The Book of Daniel
“I don’t want anyone to be afraid of me,” Daniel said. He seemed offended. He sat down on a tweed armchair, leaned back, and stuck his legs out and crossed them at the ankles. He massaged his forehead. I looked at Linda Mindish and saw the premature middle age at the corners of her mouth and under her eyes. She is five years older than I am. She is ten years older than Susan. She has worked hard. She looks at me and waits. In her eyes perhaps the recollection of our strange relationship of rib-poking, pushing, touching—she, her menses attained, and an eight-year-old boy. Always trying to break little Daniel’s hand, twist his fingers, dig nails in his arm. Why? As Selig her father precedes her into the Isaacson house without knocking and sees what’s in the icebox. As he laughs and makes a joke in his Polish accent. As he patronizes the child Paul. As he covets in his low-grade chronic coveting Paul’s wife. How did my thing with Linda begin? Imposed on her face in this moment is the thirteen-year-old girl with the terrible misfortune to look like her father. Drop dead. That was a favorite expression of Linda’s. Daniel, will you do me a favor? What? Drop dead. Followed by a fake smile, a mirthless flash of teeth, turned on and off, to illuminate the second stage of my wisdom—I was entitled to nothing but deeper and deeper levels of her alienation. She had gotten that line from some play or movie very big in the Bronx at the time. Do me a favor: drop dead. She exercised on me, bringing from what jungles of girl society in the upper grades I could only imagine, every shitty verbal abuse of the day.

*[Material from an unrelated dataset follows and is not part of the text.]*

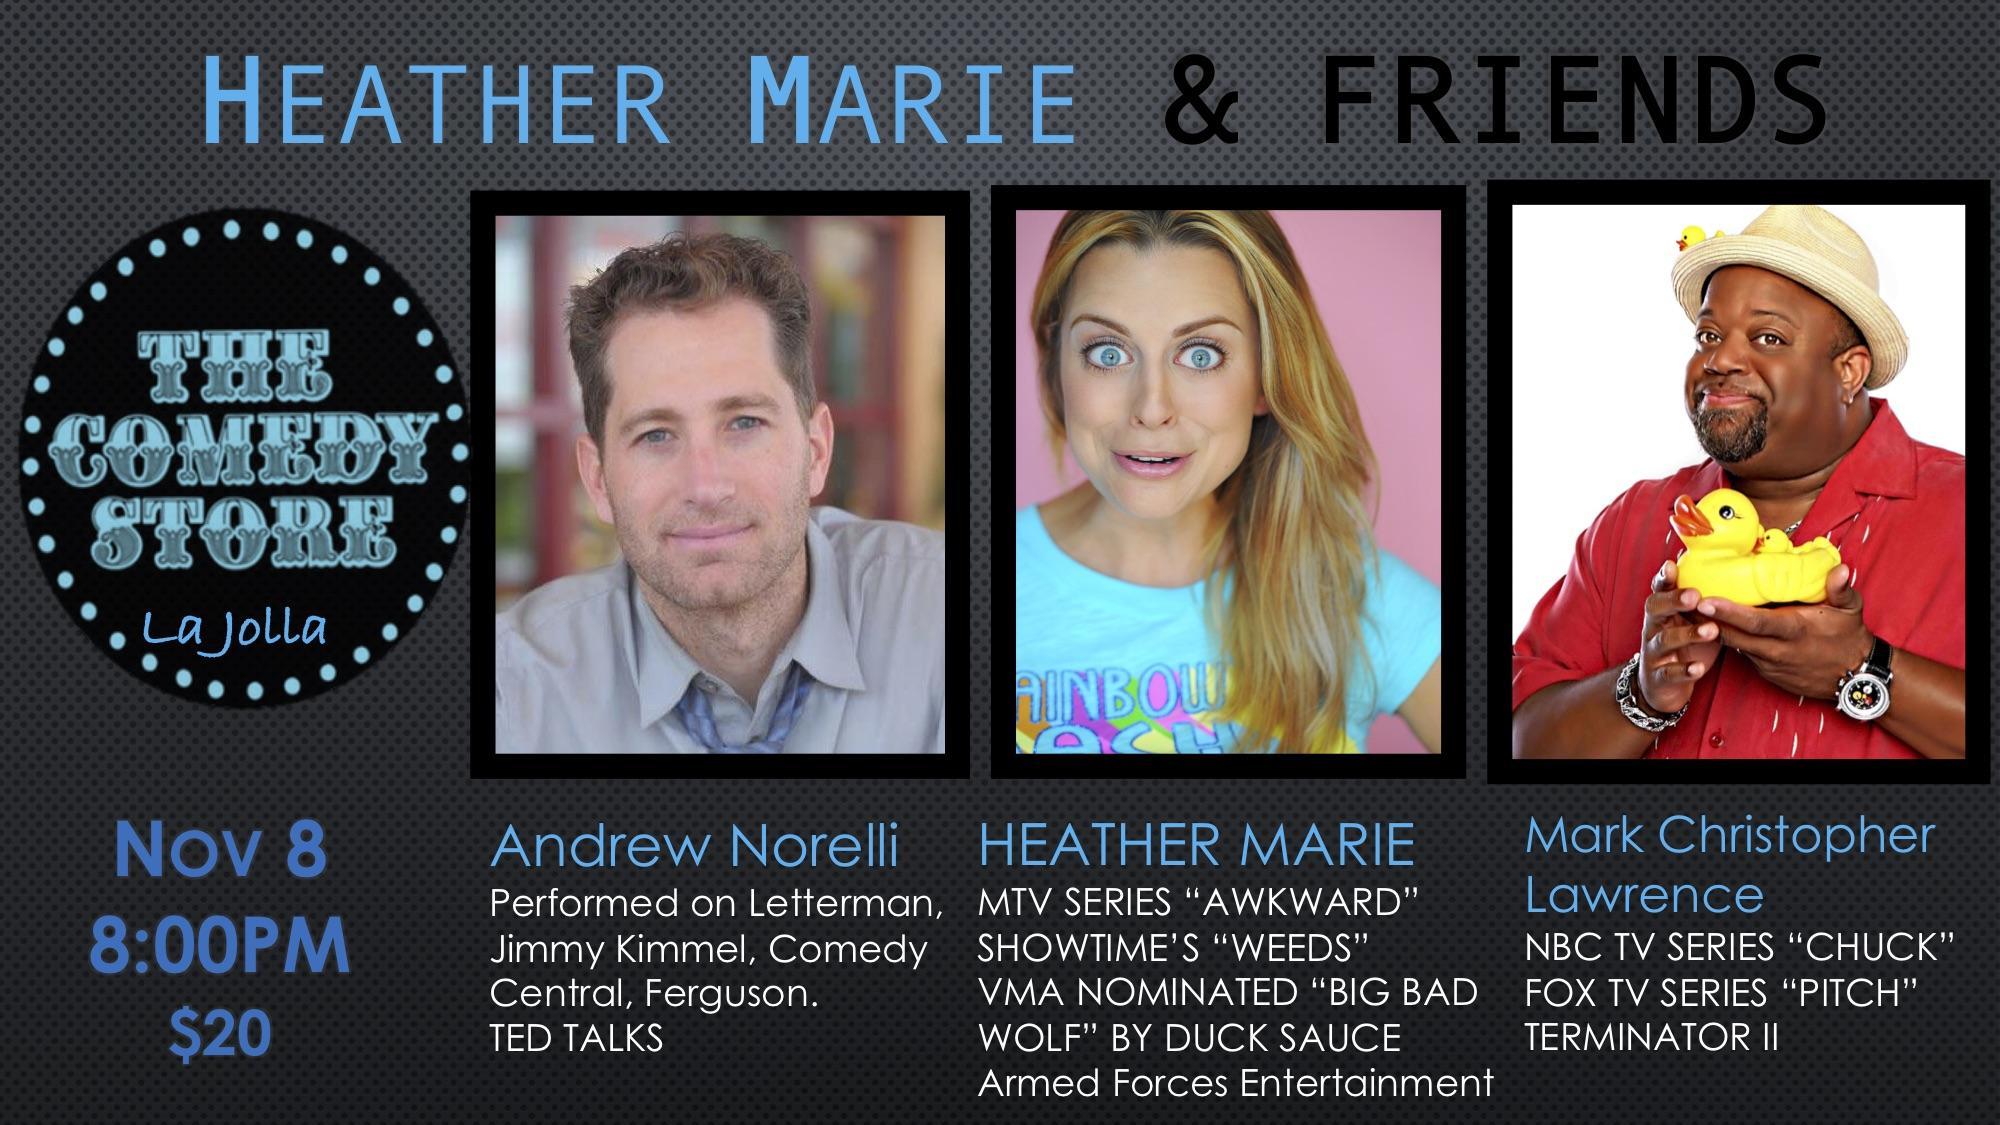 Heather Marie & Friends - Thursday - 8 pm Showtime

“Linda, I think we ought to get down to business. After all you do have appointments this morning,” the lawyer said. Image white coat hands in the pockets chew on the other side for a day or two. Kind of woman at her best in an office.
“I recognize in you the same look, the same look I see in the mirror. It’s very familiar to me.”

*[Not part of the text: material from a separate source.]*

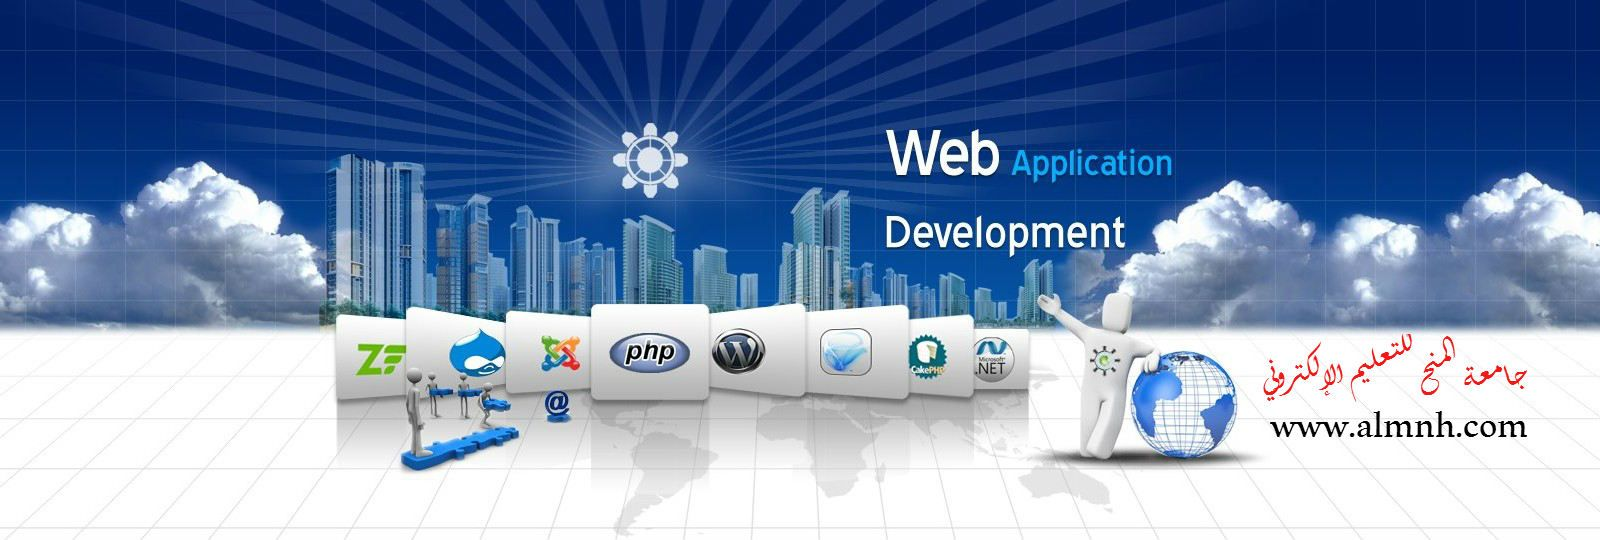 Web Development Course Web Development Design Web Design Company Web Application Development

“I don’t know what you mean.”
“The look of the same memories. We walk around in the same memories. It’s like a community.”

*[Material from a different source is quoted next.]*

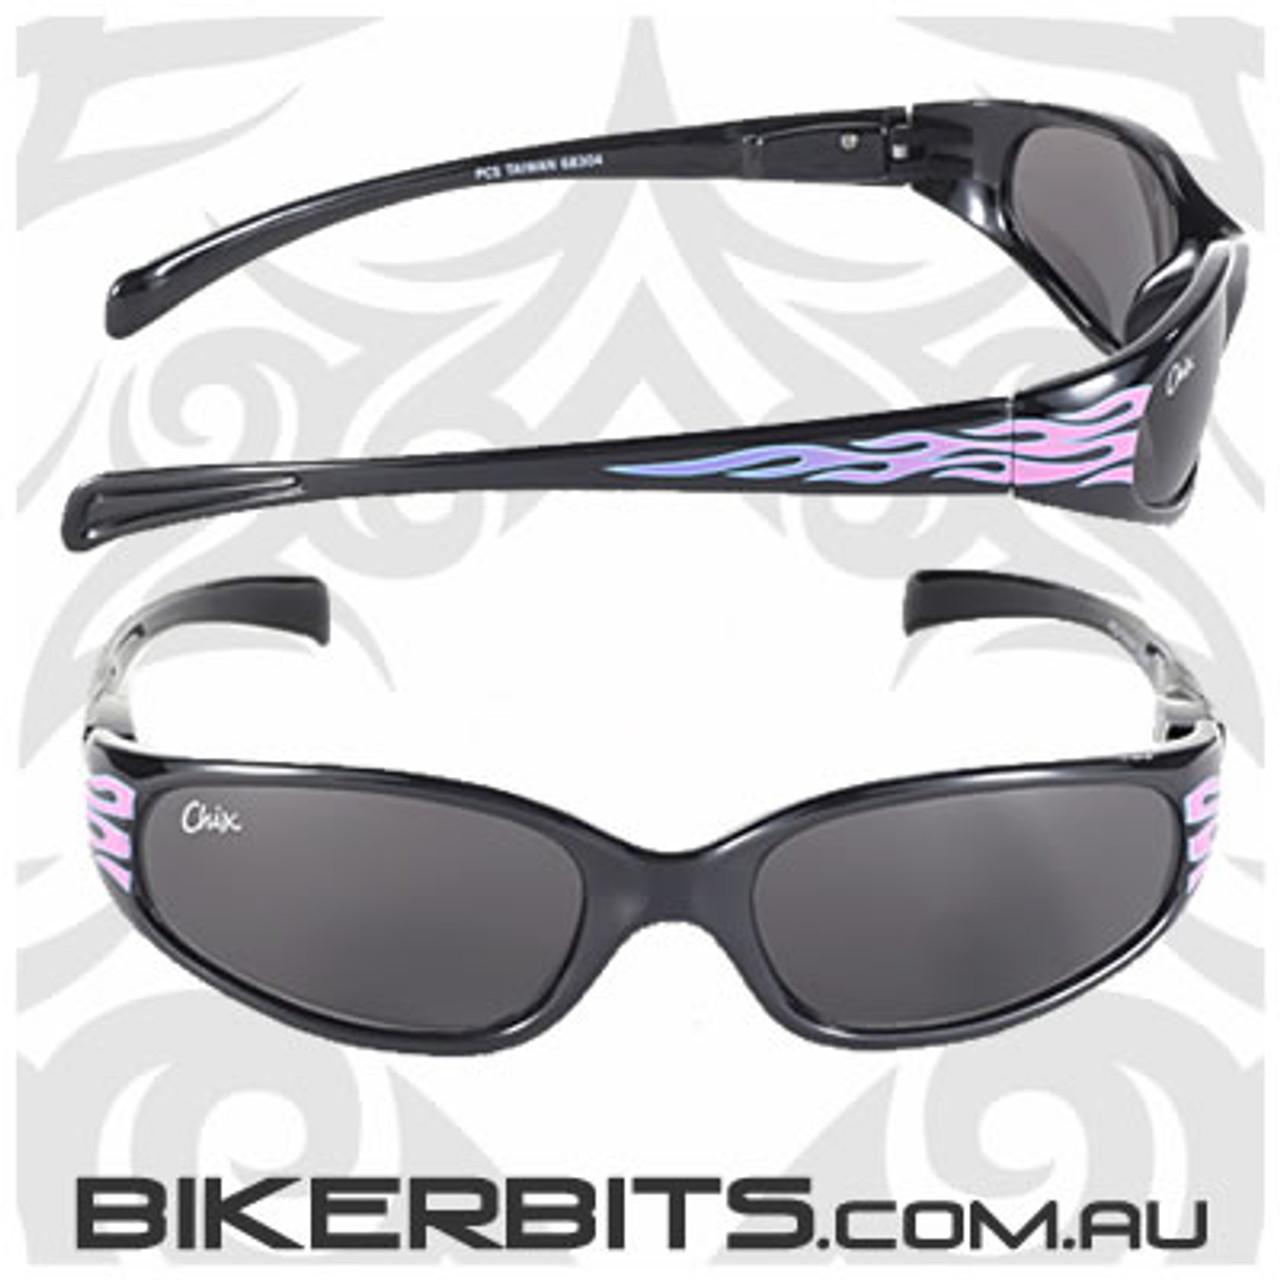 Motorcycle Sunglasses - Chix Heavenly Flame - Smoke/Black

She sat down on the couch next to the lawyer and their hands met. They held hands sitting facing me on the couch.
“Linda’s a big girl and I can only advise her what to do,” the lawyer said. “Tell us what you’re getting at. There is nothing Linda or her father has to fear from you. There is no legal issue here. We’re not obliged to discuss that case with you.” He says “that case” as if he’s dangling someone’s pair of dirty drawers. “Do you need money? What’s your problem?”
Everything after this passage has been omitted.